◆ **What to produce**
Once the line holding "Porträt von Geschwistern, die" is found, output it and all remaining lines of the data exactly, with every picture left out.

*** Supplied material Section Begins ***

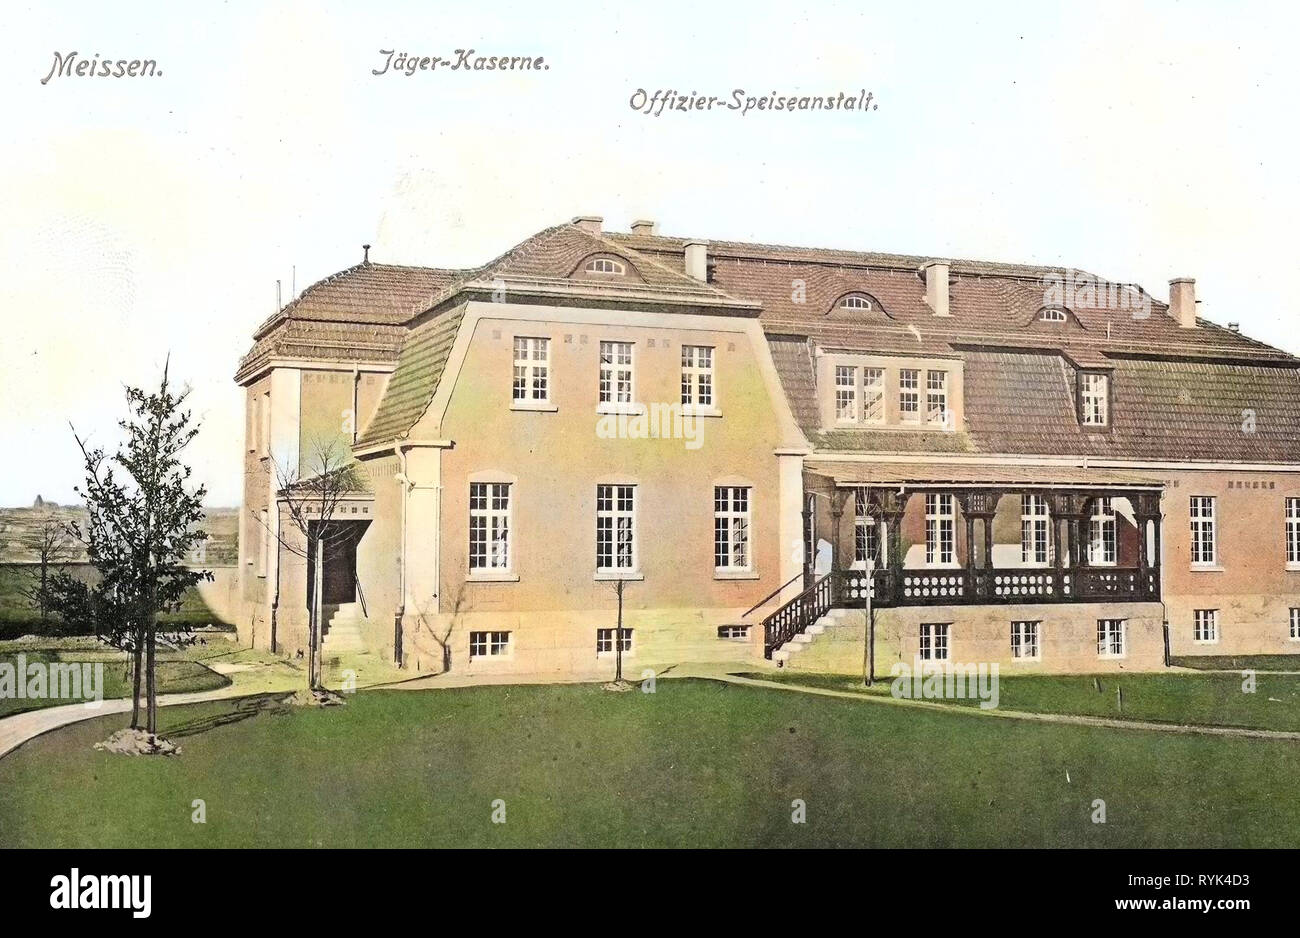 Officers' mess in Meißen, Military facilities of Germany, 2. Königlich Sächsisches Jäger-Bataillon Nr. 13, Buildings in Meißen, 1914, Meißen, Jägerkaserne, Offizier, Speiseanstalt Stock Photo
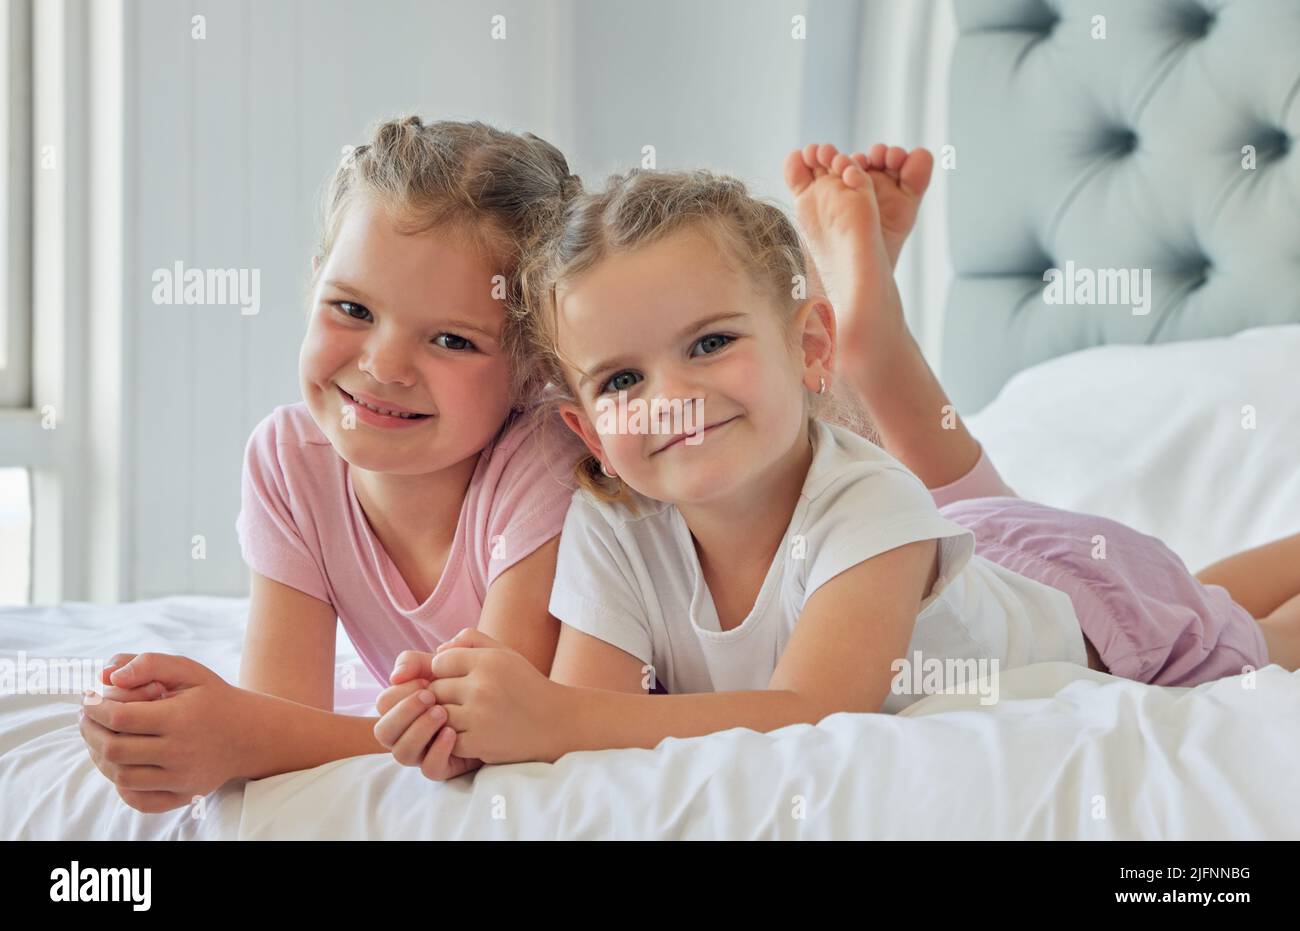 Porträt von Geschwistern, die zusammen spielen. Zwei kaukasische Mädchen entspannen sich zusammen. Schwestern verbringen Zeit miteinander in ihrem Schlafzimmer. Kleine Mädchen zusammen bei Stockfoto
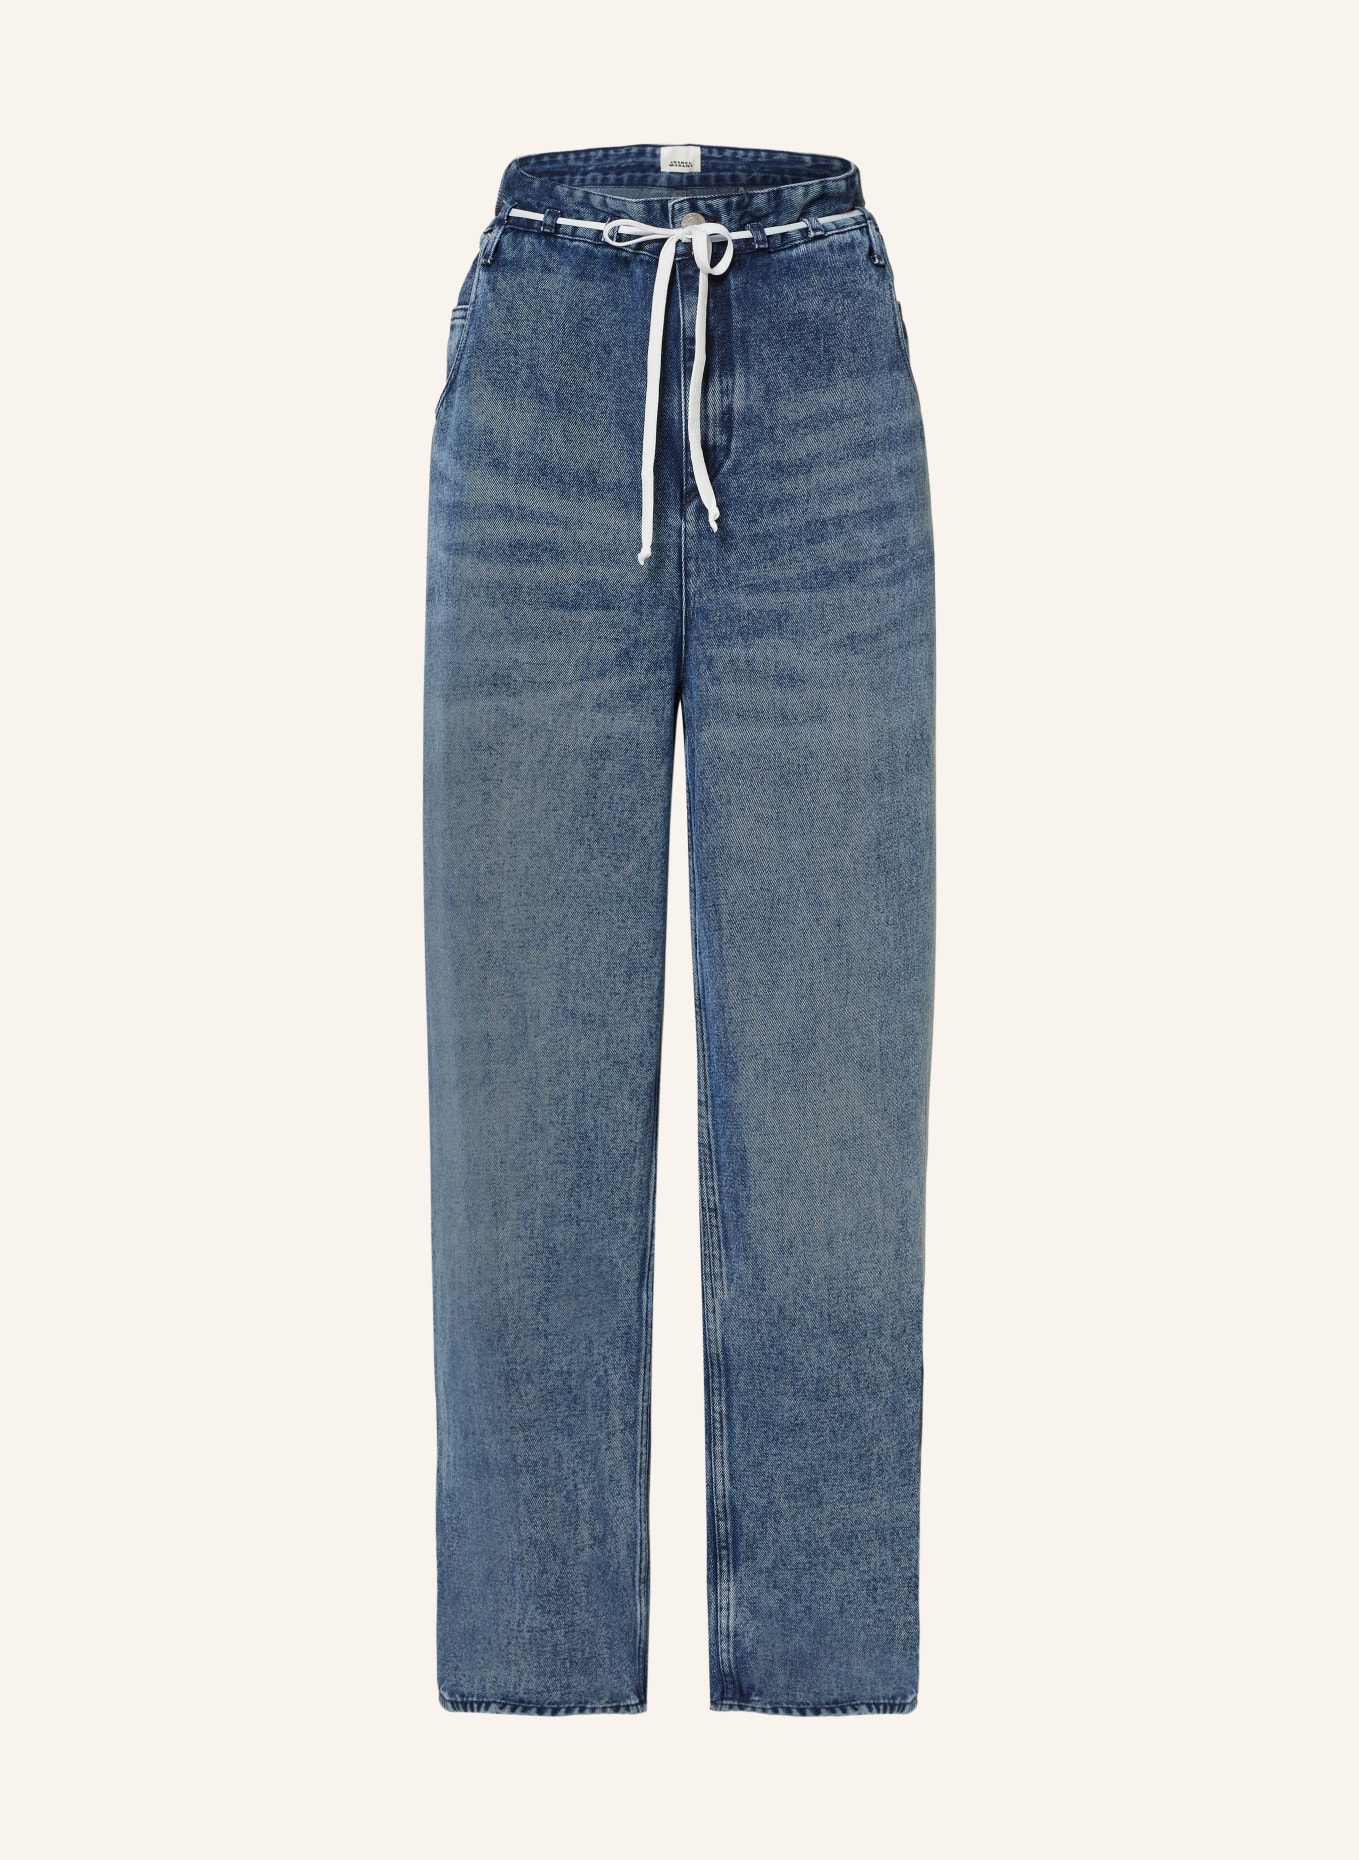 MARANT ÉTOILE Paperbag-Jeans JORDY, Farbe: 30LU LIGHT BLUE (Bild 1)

*** Supplied material Section Ends ***

◆ **Answer section**
 Porträt von Geschwistern, die zusammen spielen. Zwei kaukasische Mädchen entspannen sich zusammen. Schwestern verbringen Zeit miteinander in ihrem Schlafzimmer. Kleine Mädchen zusammen bei Stockfoto
 MARANT ÉTOILE Paperbag-Jeans JORDY, Farbe: 30LU LIGHT BLUE (Bild 1)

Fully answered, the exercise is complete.